Recently, I ran across a Buddhist proverb: “Do not hope for a life without problems. An easy life leads to a lazy mind.”

What might the relevance be to law firms and the Transatlantic Elite in particular? For the eight years prior to 2008, global firms benefited from a benign macro environment with high demand, limited supply of legal talent, ­tolerance for annual rate increases and rapid globalisation fuelled by easy credit availability.

Law firm leaders at this elite level have come to realise that the period they now nostalgically refer to as the ‘golden age of law firm profitability’ has come to a crashing halt and they will be growing profits far differently in the future.

They have also come to see that, when they enjoyed the ‘easy life’ described above, they failed to apply rigour to the problems that were evident in their business models. In Buddhist terms, they suffered from ‘lazy minds’.

What a difference a year makes. Better put, what a difference a day makes: 15 September, 2008 – the day Lehman died. The old rules died as well.
No longer can law firms expect annual rate increases at historic levels. No longer is 5 per cent growth in demand a certainty. No longer will clients accept inefficient delivery of legal services. And, no longer is the billable hour model the only game in town.

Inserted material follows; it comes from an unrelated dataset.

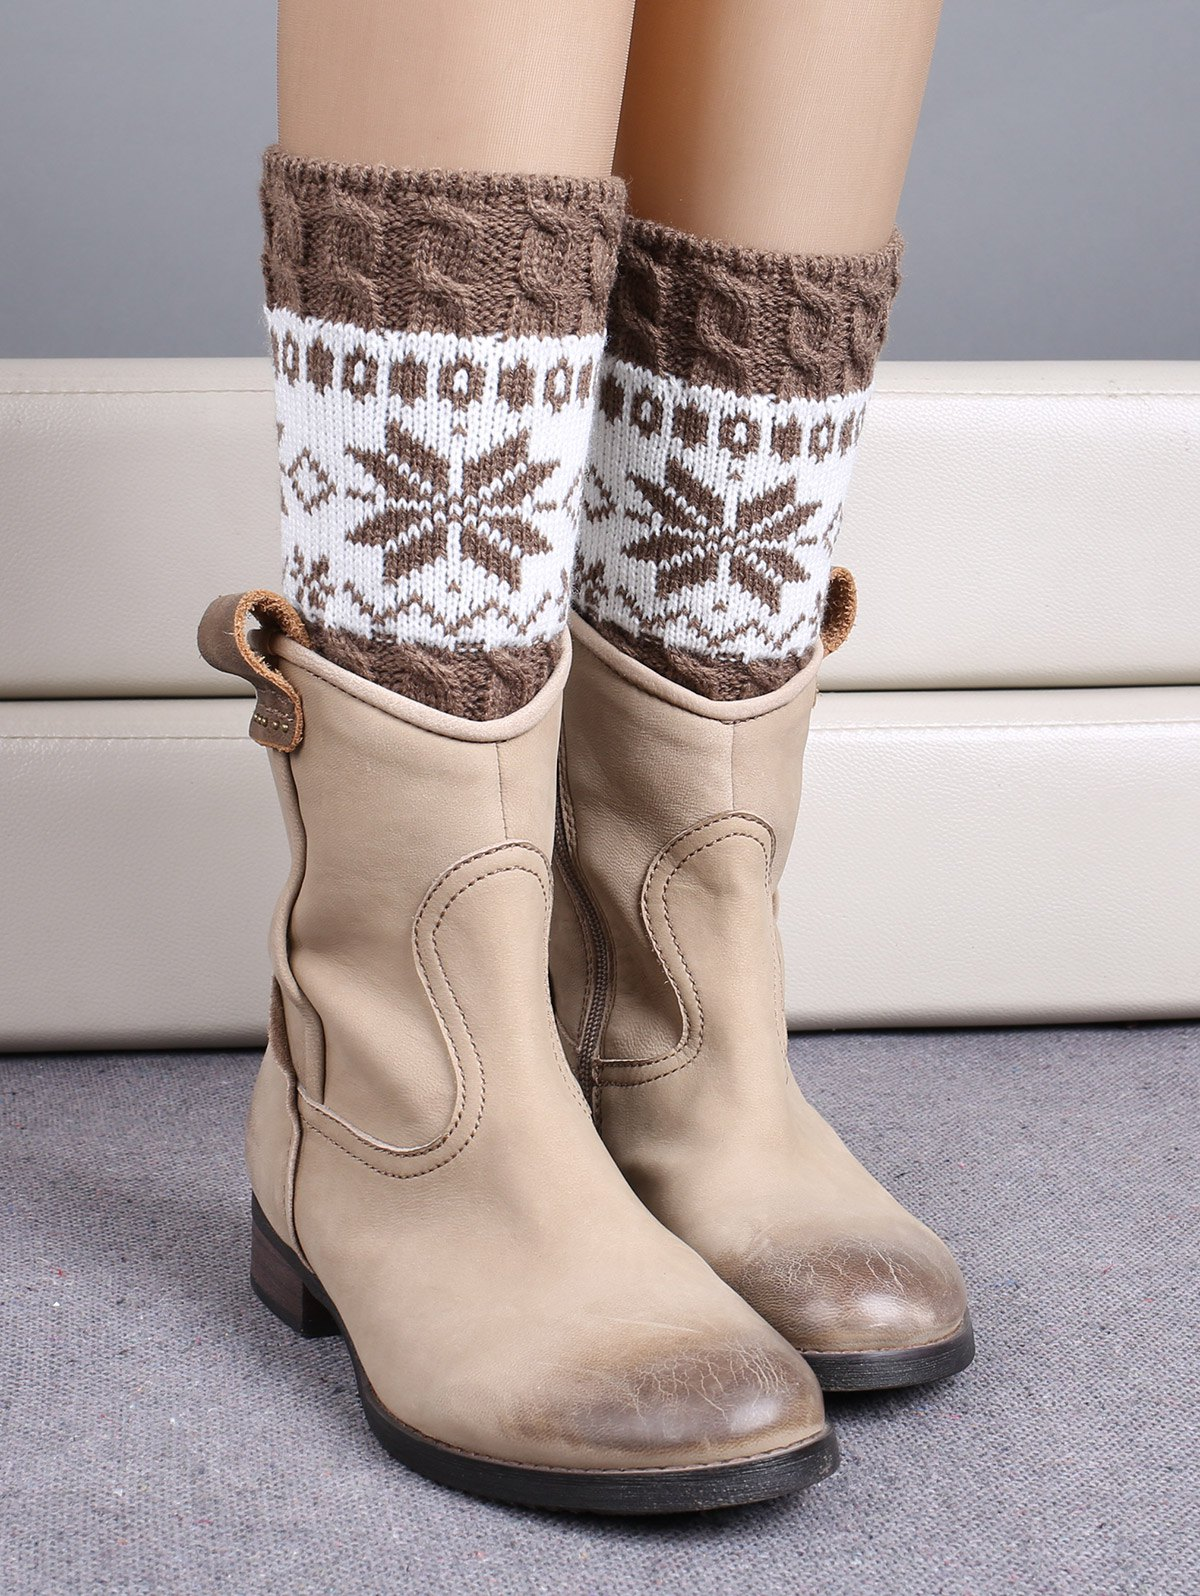 Snowflake Jacquard Christmas Boot Cuffs

Not only have the rules changed but conventional wisdom has done a 180 degree turn.

According to a study of 140 US firms in 2000-07 and the ‘Flash Report’ on 2008 produced by Citi Private Bank’s Law Firm Group, during 2000-07, global firms ­outperformed the industry. Firms with leverage in the US grew ­profits at a fast pace. Firms with broad and deep footprints and infrastructures were seen as the places to be. These characteristics describe the Transatlantic Elite.

But in the 2008 post-golden age world, these trends were reversed. And this will most likely recur in 2009.

My sense is that the UK firms in the Transatlantic Elite have been harder hit than their US counterparts. The former have greater reliance on financial ­services and lack meaningful ­litigation practices to cushion the drop in transactional work. And exchange rates have not helped.

But UK firms have acted the quickest. They have right-sized at all levels (associates, staff, partners) and begun thinking of more efficient ways to serve clients. I fear US firms have been frozen by their past successes and fear of being the ‘first mover’.

So what will the post-golden age look like? Firms will build cheaper and more flexible ‘accordion’ ­leverage through the use of ­temporary attorneys; they will employ MBAs to price out fixed-fee alternatives, providing greater certainty to their clients; and they will build a cadre of professionals with project ­management skills to design the most efficient processes for ­delivery of legal services.

Firms will determine the cheapest locations in which to produce work and pass along part of the savings to their clients.

Associate compensation will be overhauled so that the variable component makes up a higher proportion of total compensation, salary increases will not be a given and bonuses will no longer be lockstep but performance-driven.

These are but a few of the changes the industry must ­implement to have any chance of returning to double-digit profit per equity partner growth.

UK firms have started down this path. Will the US follow?